Vor Jahren entdeckte ich eine schwarzgrau glänzende Kugel, etwa so groß wie eine kleine Johannisbeere (Abbildung unten rechts). Sie war durch helle „Meridiane“ und einzelne gelbliche Flecken strukturiert. Ich fotografierte sie und ließ sie einige Zeit allein. Als ich zurückkam war sie weg – vielleicht weggerollt. Denn ich hatte bereits beim Fotografieren bemerkt, dass sie schon bei der kleinsten Neigung ins Rollen geriet. Irgendwie geriet sie dann in Vergessenheit, weil ich keinen Ansatzpunkt zu ihrer Identifizierung fand.
Als ich gestern unsere Terrasse fegte und diesmal auch die Ecken sorgfältig säuberte, rollte mir eine ganz ähnliche Kugel vom Kehrblech. Ich legte das Unikum zwecks späterer eingehenderer Untersuchung zur Seite und fühlte mich wie in einen falschen Film versetzt, als die Kugel sich plötzlich entrollte und in neuer
Verkleidung als Assel, wie ich sie hier häufiger vorfinde, das Weite suchte. Nachdem ich sie wieder eingefangen hatte, rollte sie sich flugs, die vielen Beinchen perfekt verstauend und die einzelnen Segmente ihres Rückenpanzers passend verschränkend (Verpackungskunst der Natur!), wieder zur Kugel ein. Das Spielchen ging einige Zeit so weiter.
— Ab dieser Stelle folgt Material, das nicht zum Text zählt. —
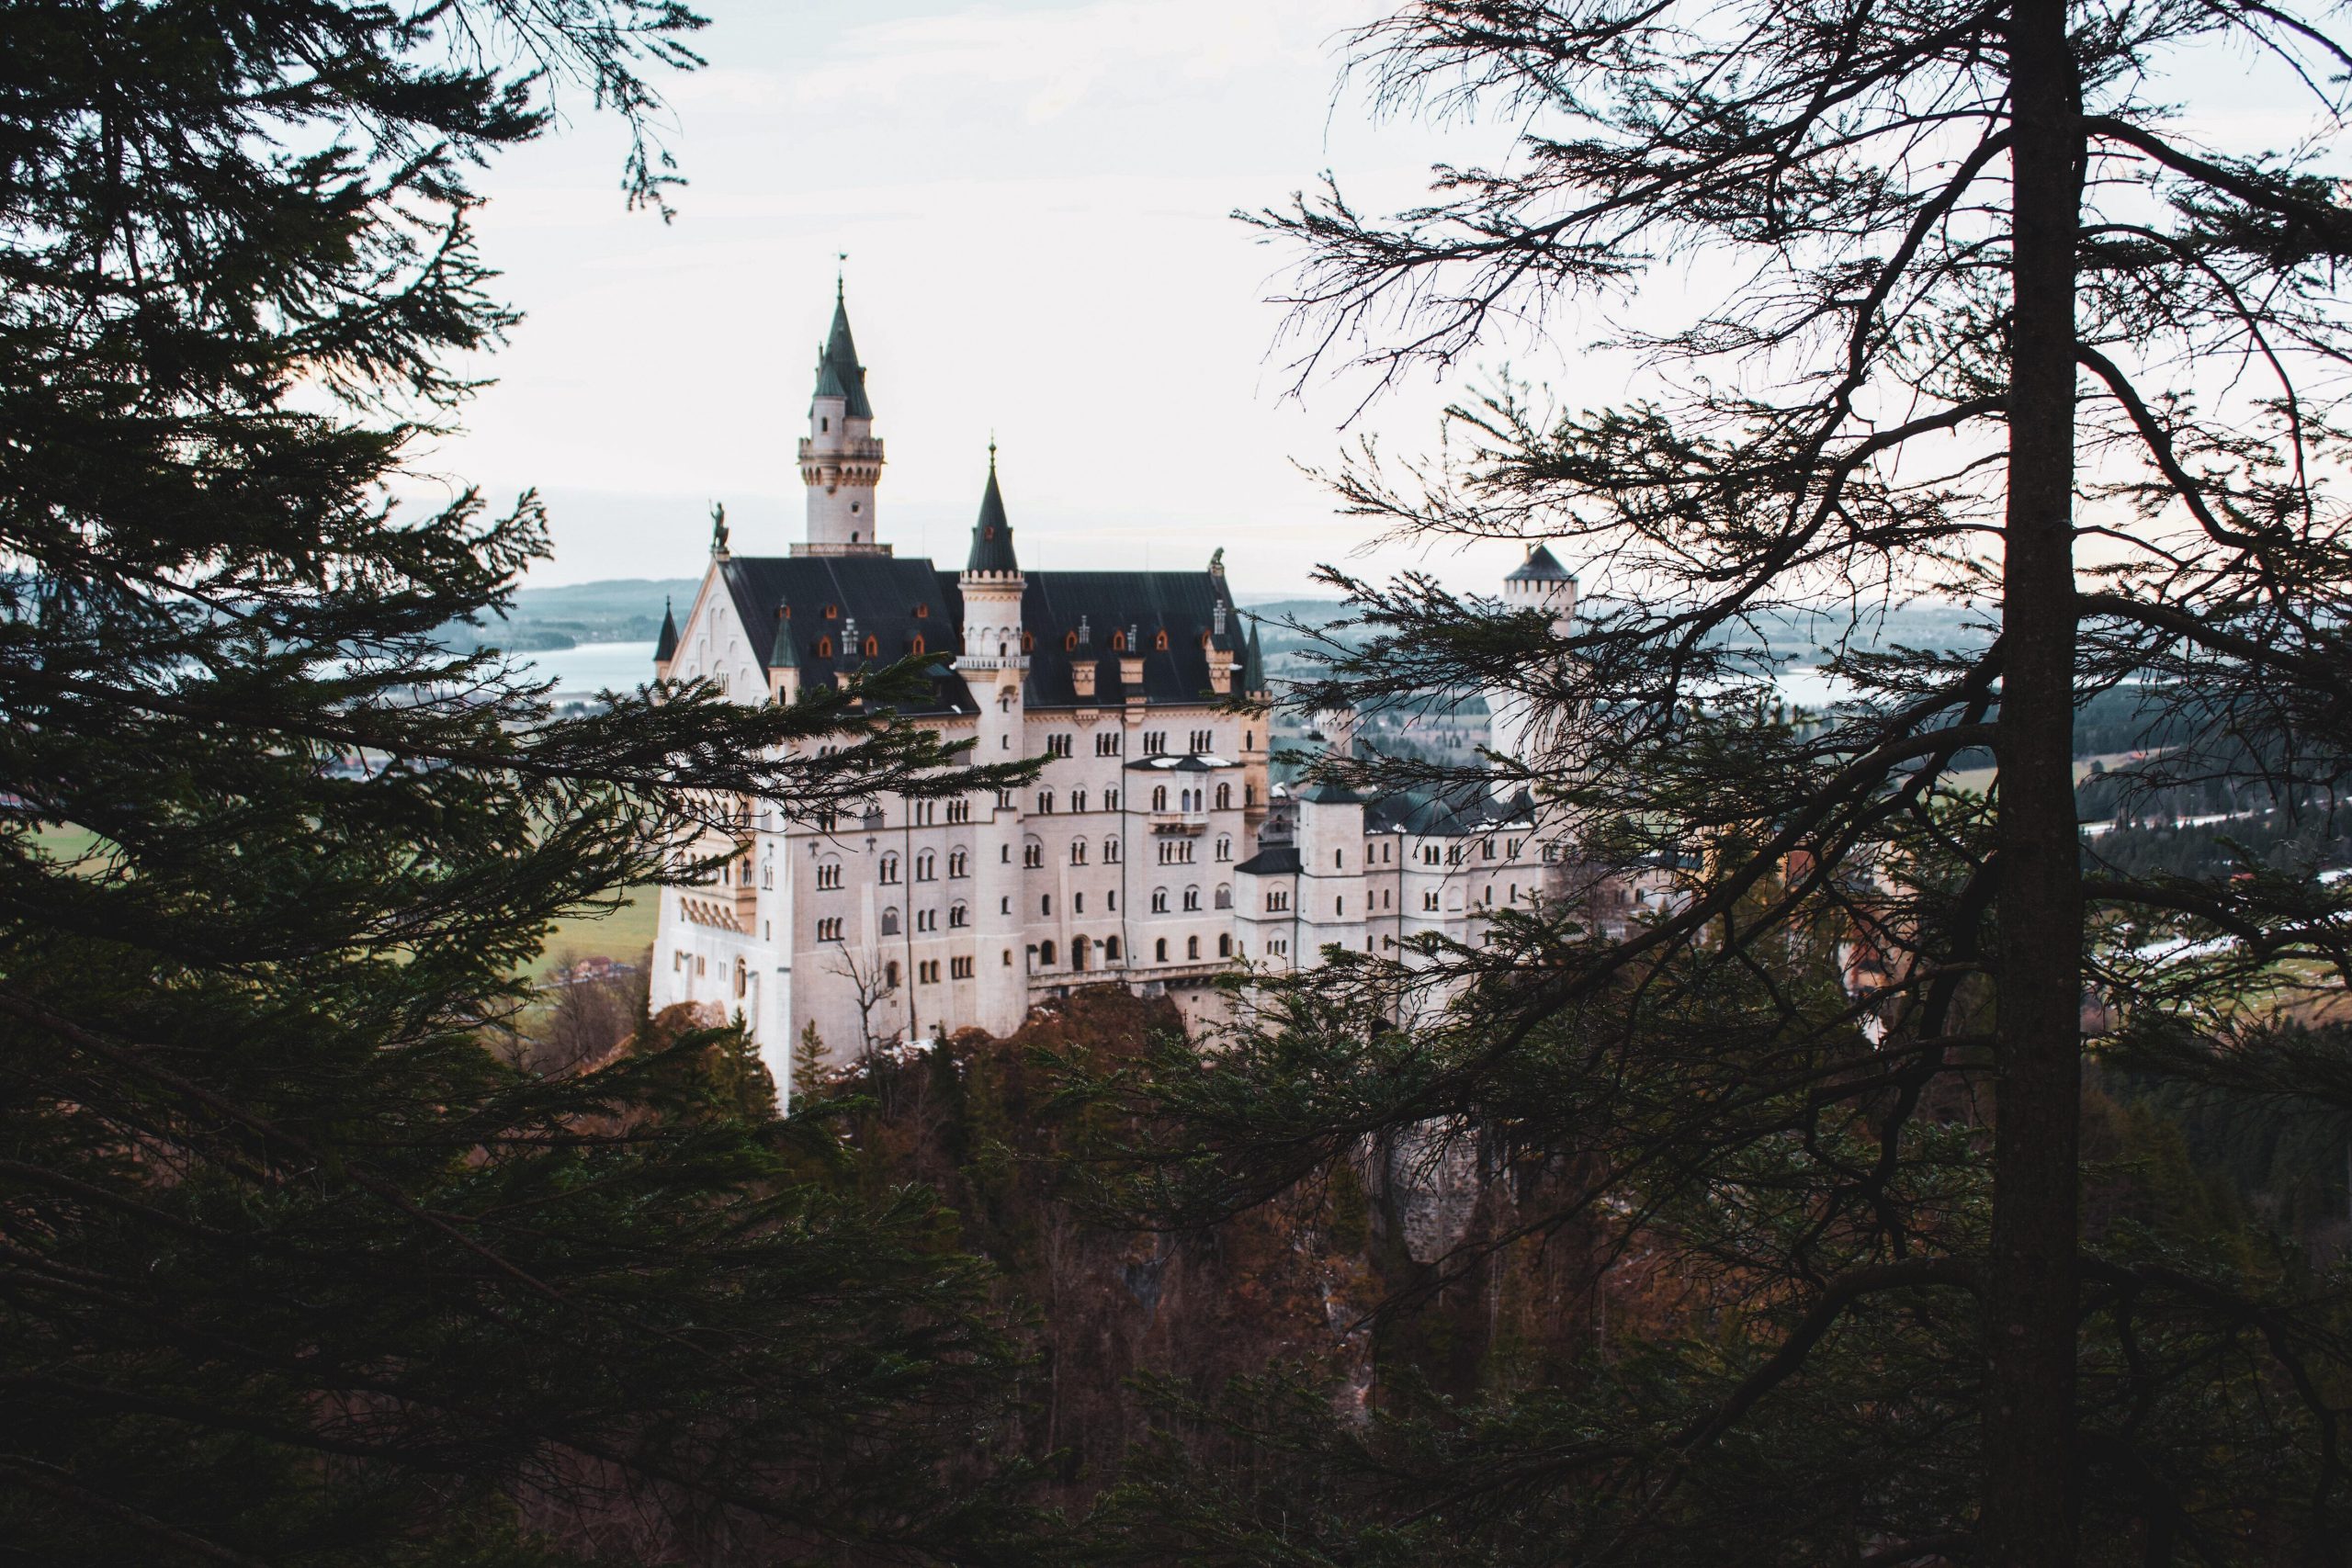 A beautiful castle in Germany

Die Kugel war also eine originelle „Verkleidung“ der so genannten Rollasseln (Armadillidium vulgare), die dieses Verwandlungsspiel nutzen, um sich in Situationen der Gefahr dem Interesse möglicher Fressfeinde zu entziehen. Dass sie dadurch erst das Interesse von Menschen wecken würden, war zum Zeitpunkt ihrer Evolution wohl noch nicht vorhersehbar.
Interessant ist vielleicht noch der Hinweis, dass Asseln keine Insekten sind. Das erkennt man schon an der Zahl der Beinchen. Während Insekten stets sechs Beine haben, warten die Asseln mit nicht weniger als 14 auf. Sie gehören zu den Krebstieren und sollten sich daher eigentlich im Wasser tummeln. Die Landasseln haben sich an dunkle und feuchte Aufenthaltsorte angepasst und leben quasi auf dem Trockenen. Zusätzlich zu ihren Kiemen, die sie behalten haben, verfügen sie auch über Lungen, die sie sinnigerweise in den Höhlungen ihrer Hinterbeine tragen.
Wieder ein mir sehr gefallender Text.
Das mit dem Zusammenrollen erinnert mich an Schmetterlinge, die sich durch den Schatten des Fotografen bedrängt fühlen. Sie flattern davon und scheinen zu neuen Zielen unterwegs, doch da sie den Radius dabei nicht sichtbar erweitern, ist für uns Menschen klar, daß sie baldigst wieder zur Blüte zurückwollen. Und so dauert es keine volle Minute, bis sie – sozusagen – in einer kühnen Gebärde wieder dem Ziel ihrer Träume zufallen.